Après plusieurs mois de tensions sur le financement, le Sénégal a obtenu un premier signal favorable du marché régional à la suite du lancement du Plan de traitement de la dette du Sénégal (PTDS) et de l’accord technique conclu avec le FMI. Ce rapprochement intervient alors que les discussions entre Dakar et l’institution ont officiellement débuté lors des Assemblées annuelles d’octobre 2025 et qu’une mission du FMI séjourne à Dakar pour poursuivre les négociations sur un nouveau programme de financement.
L’enjeu dépasse l’accès immédiat aux liquidités. Le président Bassirou Diomaye Faye entend refonder le modèle productif autour de la souveraineté, de la justice sociale et de la prospérité partagée, dans le cadre de la Vision 2050 et de la Stratégie nationale de développement.

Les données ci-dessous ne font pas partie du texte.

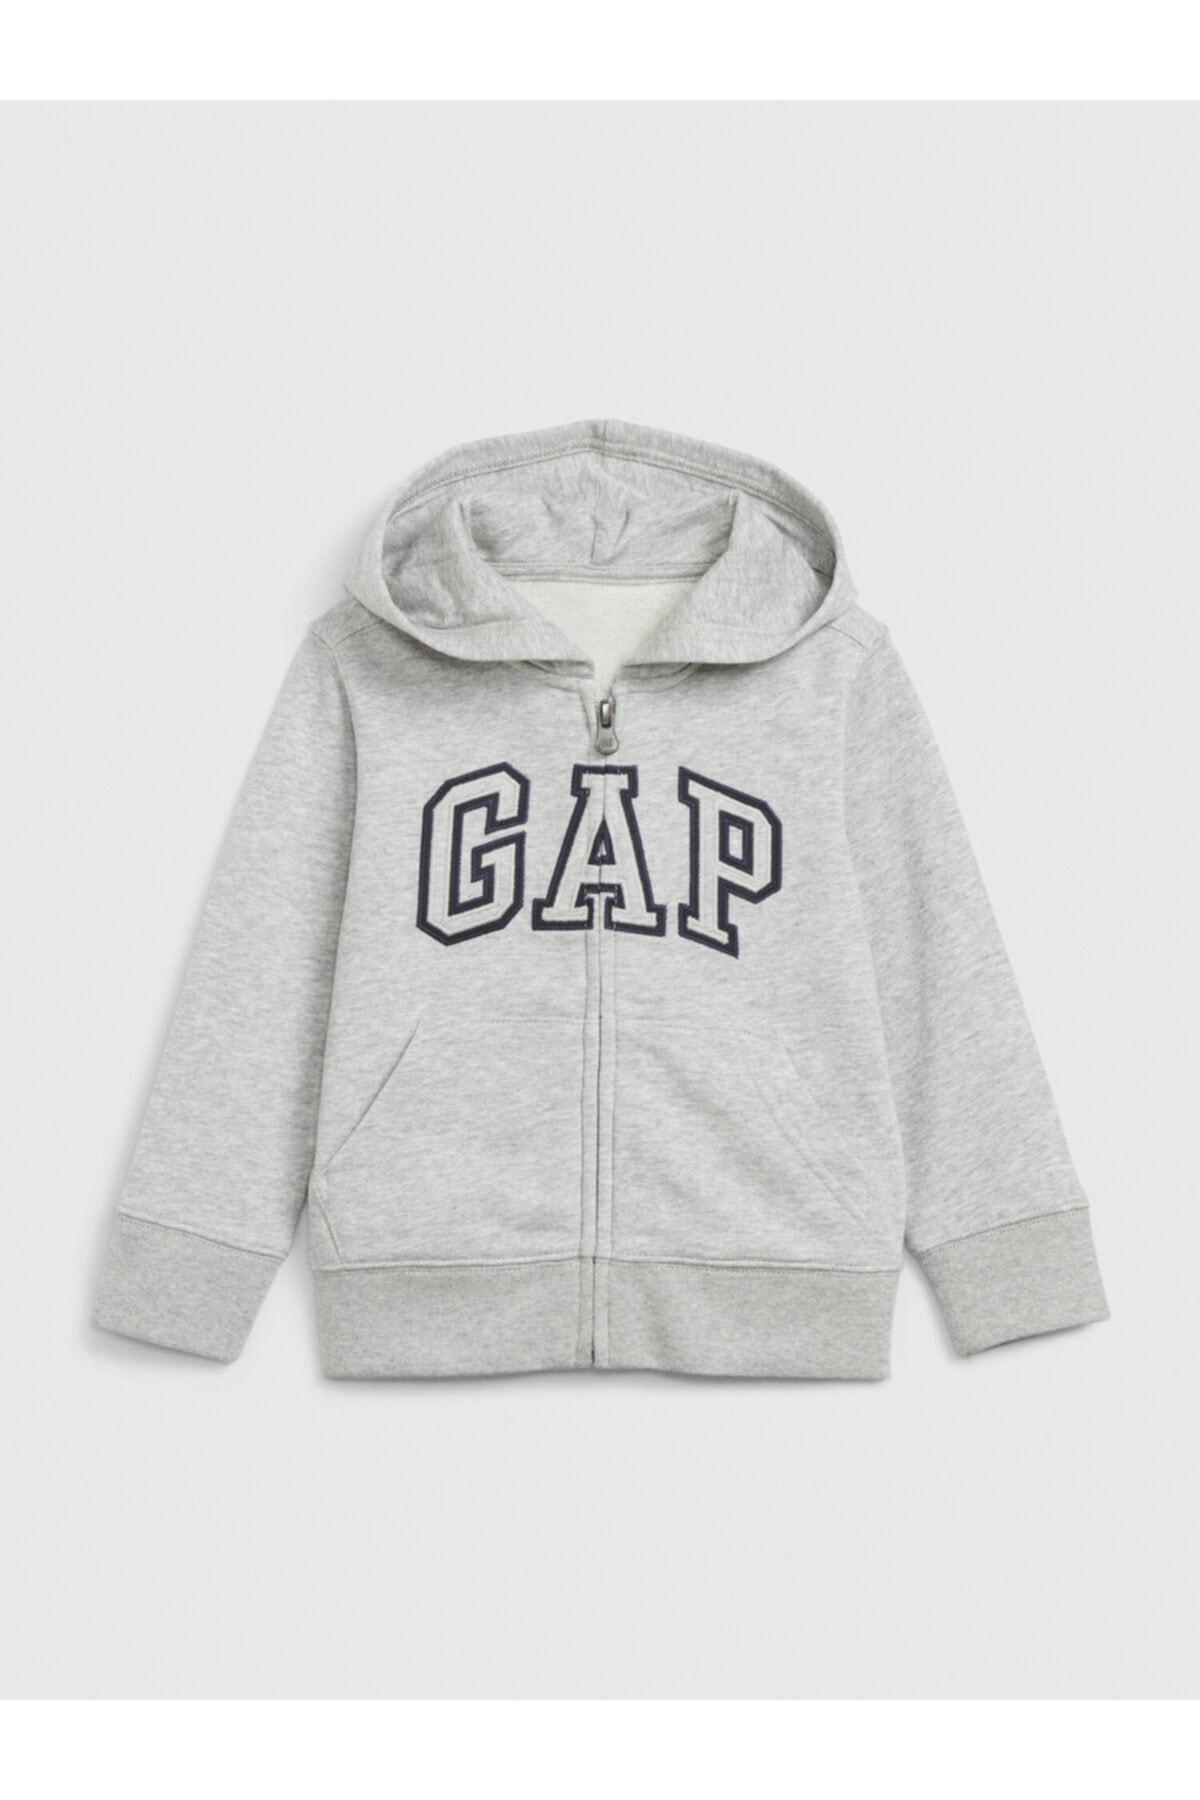 GAP Logo Kapüşonlu Sweatshirt 1

Le FMI, lui, conditionne son soutien au respect de cadres d’intervention et d’équilibres macroéconomiques orthodoxes, alors que les discussions portent notamment sur les réformes attendues et la question de la dette cachée. Les autorités sénégalaises ont multiplié les signaux d’ouverture ces derniers mois, avec la réception de missions techniques et l’amorce de discussions pour ce nouveau programme.
Le Trésor ciblait 100 milliards de FCFA lors de l’adjudication du 11 septembre. Les investisseurs ont proposé environ 109,02 milliards, dont 101,34 milliards ont finalement été retenus. Le pays a ainsi légèrement dépassé son objectif de mobilisation.
La structure des souscriptions constitue le principal enseignement de l’opération. Les titres à trois et cinq ans ont représenté environ 75 % du montant mobilisé, signe que les investisseurs acceptent de nouveau de prêter au Sénégal sur des échéances intermédiaires plutôt que de privilégier uniquement le court terme. Cette évolution est présentée avec prudence dans l’analyse publiée par dakar92.
Le professeur Amath Ndiaye estime que le maintien, pour le moment, de la dette libellée en FCFA en dehors du périmètre du PTDS réduit le risque immédiat d’une restructuration des titres détenus sur le marché régional. Selon lui, cette décision contribue aussi à préserver le système financier de l’UMOA.
Dans le camp politique, le parti KIIRAAY (Les Patriotes Républicains) salue un « retour au réalisme économique » de l’État. Son coordonnateur départemental, Cheikh Ibrahima Diallo, qualifie l’accord avec le FMI et le PTDS de « courageux retour aux réalités macroéconomiques », estimant que le Sénégal vient d’échapper à une impasse financière majeure qui menaçait directement la stabilité sociale du pays.
L’économiste considère par ailleurs que l’accord avec le FMI peut renforcer la crédibilité du cadre macroéconomique, tandis que de futurs financements concessionnels pourraient réduire la dépendance du Sénégal aux émissions régionales coûteuses. Il souligne toutefois qu’une seule opération ne permet pas d’établir que l’amélioration observée provient exclusivement des annonces liées au PTDS et au FMI.
Pour le BAT à 364 jours, le rendement moyen pondéré s’est établi à 7,87 %.